Never forget how to correctly set a table again with these easy reminders for how to set a table for family gatherings, social dinners, and even romantic dates!
As soon as I think about table settings, memories flash in my mind of my very wonderful, yet formal, grandmother reminding me that the forks go to the left of the plate… or was it the right? And do the knives point in or out? And don’t forget the placemats! Every time my seniors ask me to set the table for a formal meal, I must admit I begin to panic just a little.
With that in mind, I thought I would break the endless cycle of my lack-of-place-setting knowledge and surprise my family with my ability to put multiple forks and spoons in the correct place without being reminded; even if the majority of them won't notice. And I thought I would bring you all along for the ride, so maybe we can all learn a thing or two.

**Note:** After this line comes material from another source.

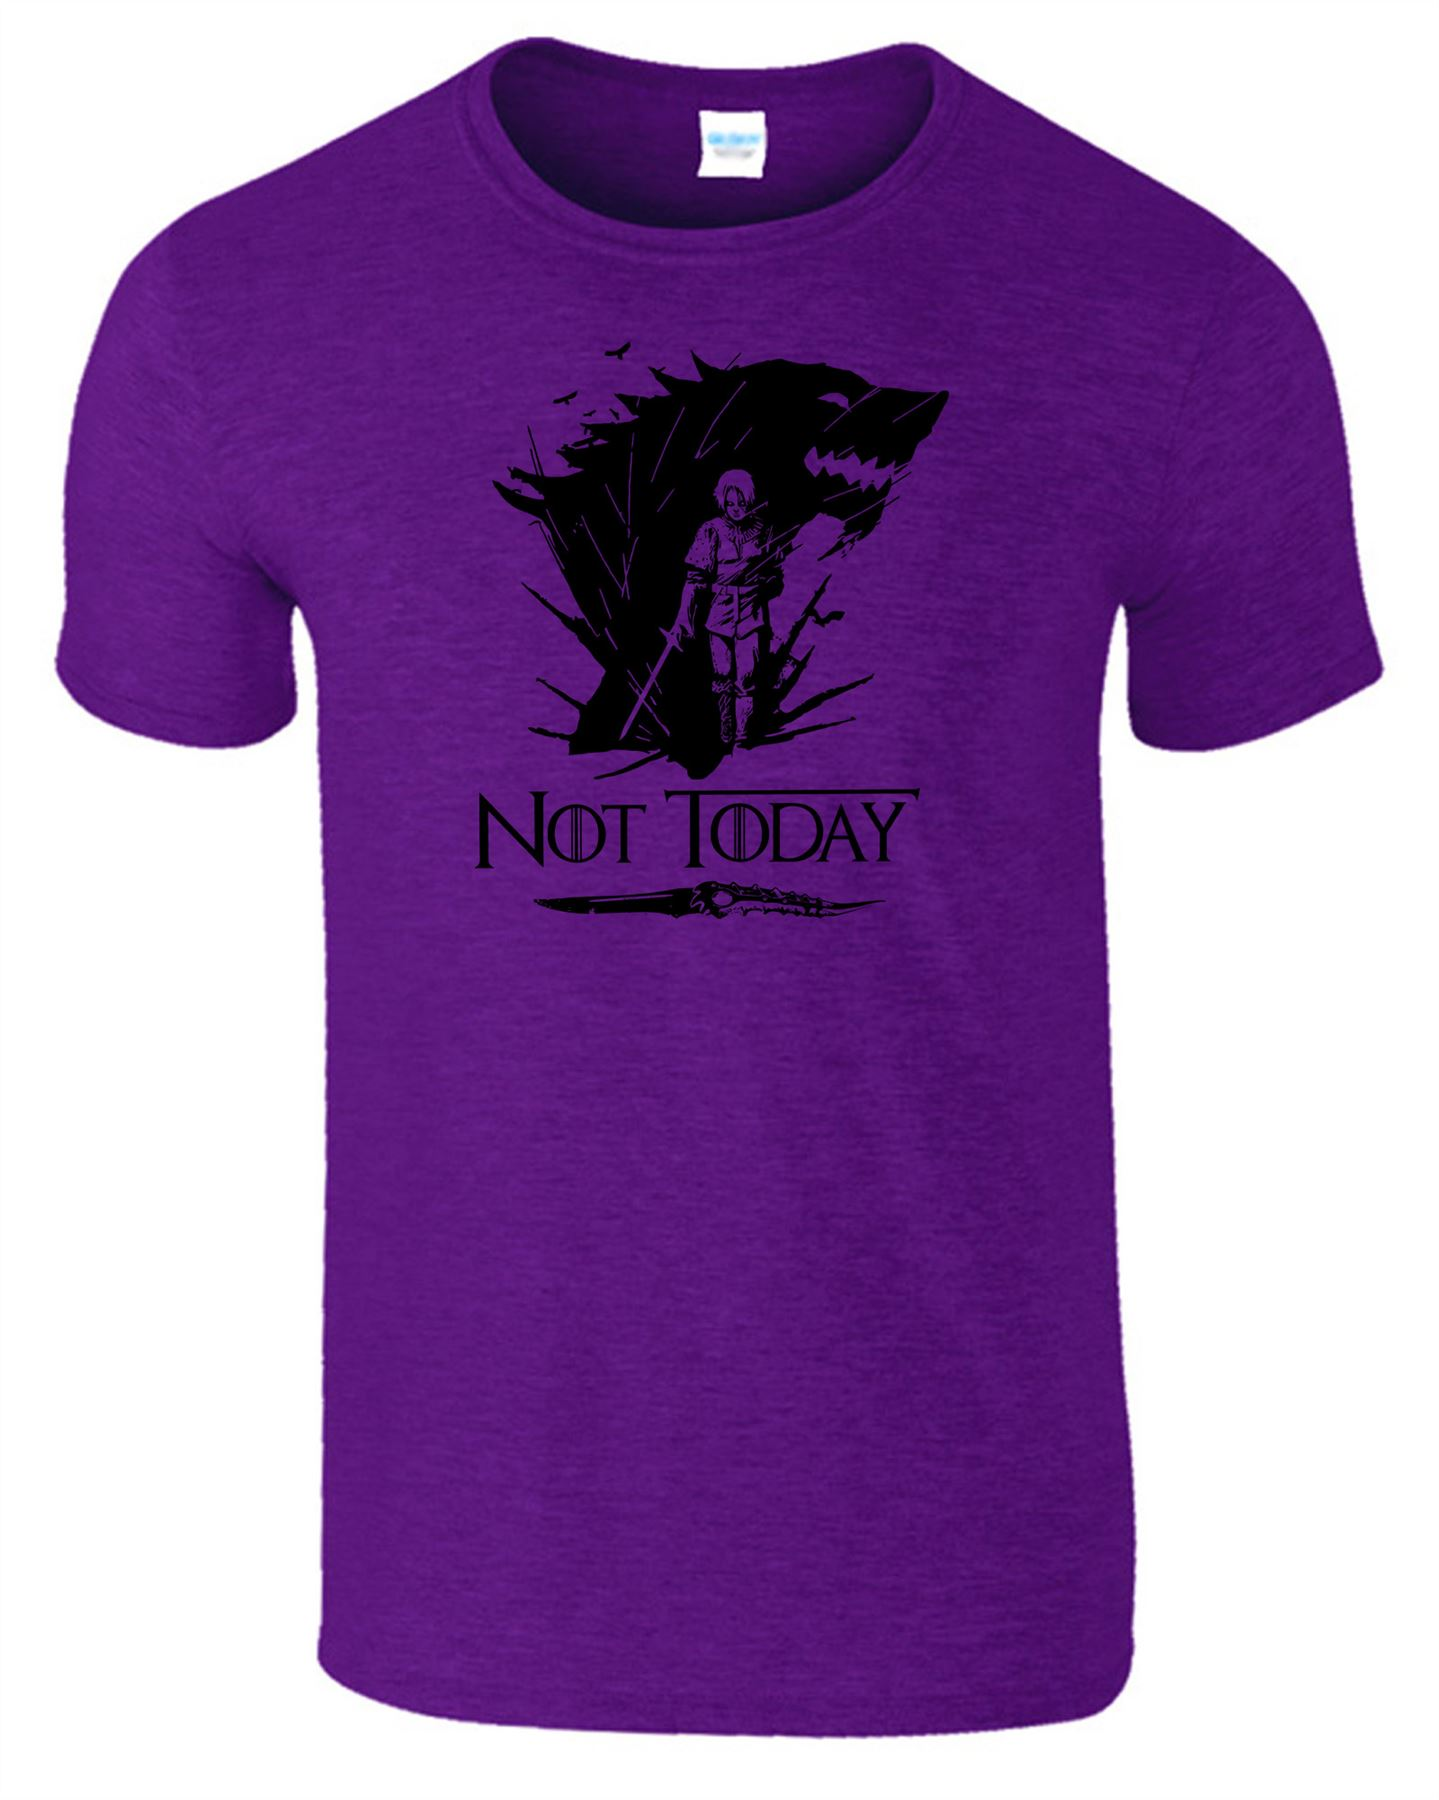 Arya-Stark-Not-Today-T-Shirt-Mens-Game-Season-Womens-Shirt-Adults-Unisex-Fit Indexbild 18

Since the table and its decor are the centerpiece of any dinner party, I think it’s important to remember the etiquette behind the tradition just to keep things special, beautiful, classic, and fun.
Via Matters of Style
I believe that most of my generation of twenty-somethings has forgotten (or maybe never learned) the classic rules of table etiquette that our grandparents were so fond of. lf we do sit down to eat at an actual table, our meal is often filled with texting, forgotten manners, a video being shared, rushing to get to the next activity, or watching the TV in a room close by. And besides a couple of what I would deem ridiculous etiquette rules, it’s really quite a shame that we don’t put more emphasis on the importance of slowing down, making mealtimes special, and honoring the host who provided what is before us. Food is essential for every human being, and bringing mealtime back to the family dinner table is important, especially for the little ones coming after us.

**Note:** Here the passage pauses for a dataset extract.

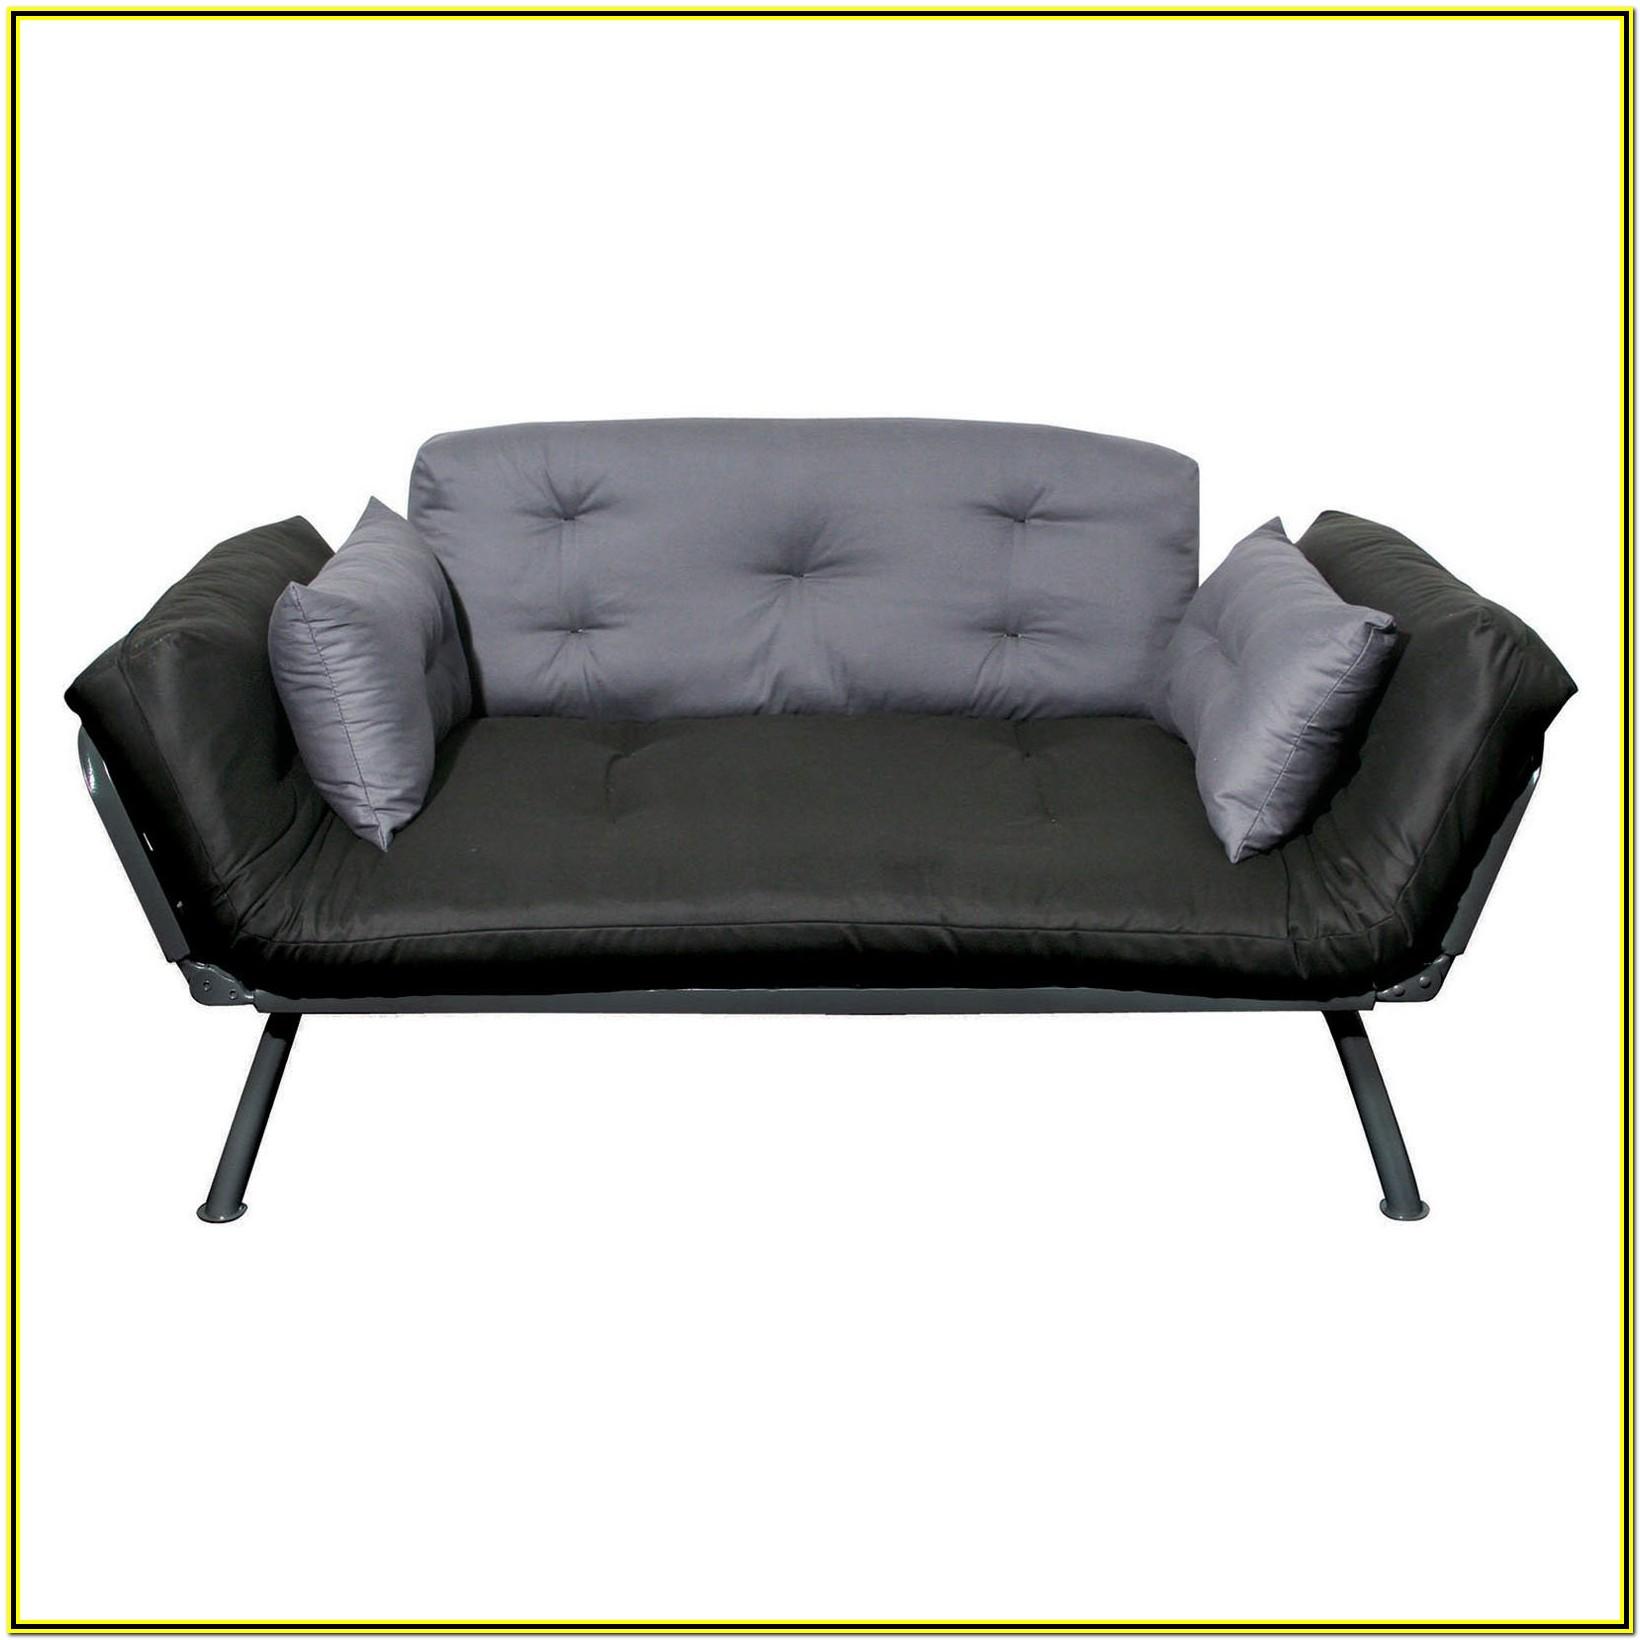 American Furniture Warehouse Sofa Beds

Table etiquette and table place settings are cross-cultural. Don’t think it was just the upper class English or noble French that required people to sit up straight, only use their napkin at the end of the meal, and chew with their mouths closed. If you plan on hosting parties for people of different cultural backgrounds or traveling, reading about these different cultures' dining etiquette can definitely help you make a good impression. Now that you're aware that we’re not the only crazies in the world who put emphasis on the table settings in our dining room, let’s learn how to properly use an American style table setting.
Via House Beautiful
The problem is, if you’re like me you've been taught to do a proper table setting before, but you can't seem to recall how when the time for traditional table setting comes! The struggles of remembering which fork is which and whether the spoon or knife is closer to the plate never seem to evade me. I’ll try to explain this as simply and logically as I am able so you don’t have to pull up instructions every time you’re having someone over for dinner. Without being an etiquette snob or making you break into a nervous sweat, here are some helpful tips on how to create a formal dinner setting:
- In a formal dinner, everything is placed to be used in order of courses. So, if a bowl is on top of the plate, it means soup will be served before the plate is used. If there are three forks you can assume there will be a salad, dinner, and dessert. In this case, you would place the salad fork to the left of the plate farthest away, the dinner fork will be in the middle, and the third, or closest, fork is for dessert.
- Forks always go to the left of the plate. This is because in Europe, etiquette rules state that you have to eat with a fork using your left hand ONLY and things seem to stick for centuries. I would have bigger problems than trying to hold a fork with my left hand if I did this and those would include dinner down my dress! Don’t worry, according to American etiquette you keep the fork on the left of the plate, but hold it with whichever hand you favor.
- If the forks go on the left, the knife and spoon are placed to the right of the plate. Again, order of courses and of use come into play here. You will place a soup spoon on the far right, followed by a beverage spoon in the middle, and ending with the dinner knife closest to the plate. The cutting end of the knife faces the plate.
- There should be no need for more than 3 utensils at a proper place setting. Match the end of the utensil with the bottom of the plate. Picture an imaginary line running parallel to the table across the bottom of the plate; line everything up with this line to keep things orderly. The “line” should be about an inch away from the table where your guest will pull up to be seated.
- I always thought the “miniature” plates my mom had in her cabinets were for small portions (that’s a joke)! What isn’t a joke is that we hardly ever used those small plates in my house as I was growing up. As I may have mentioned before, I’m a newlywed and on my wedding registry I did register for these little plates but not because I knew what they were for. UNTIL NOW! Those smaller plates are for the bread and glorious butter. For bread plate placement, put them at the top left corner above the million forks you just put on the table. Include a butter knife over the top of the plate. Now that I know what these little gems are for, I plan to actually use them.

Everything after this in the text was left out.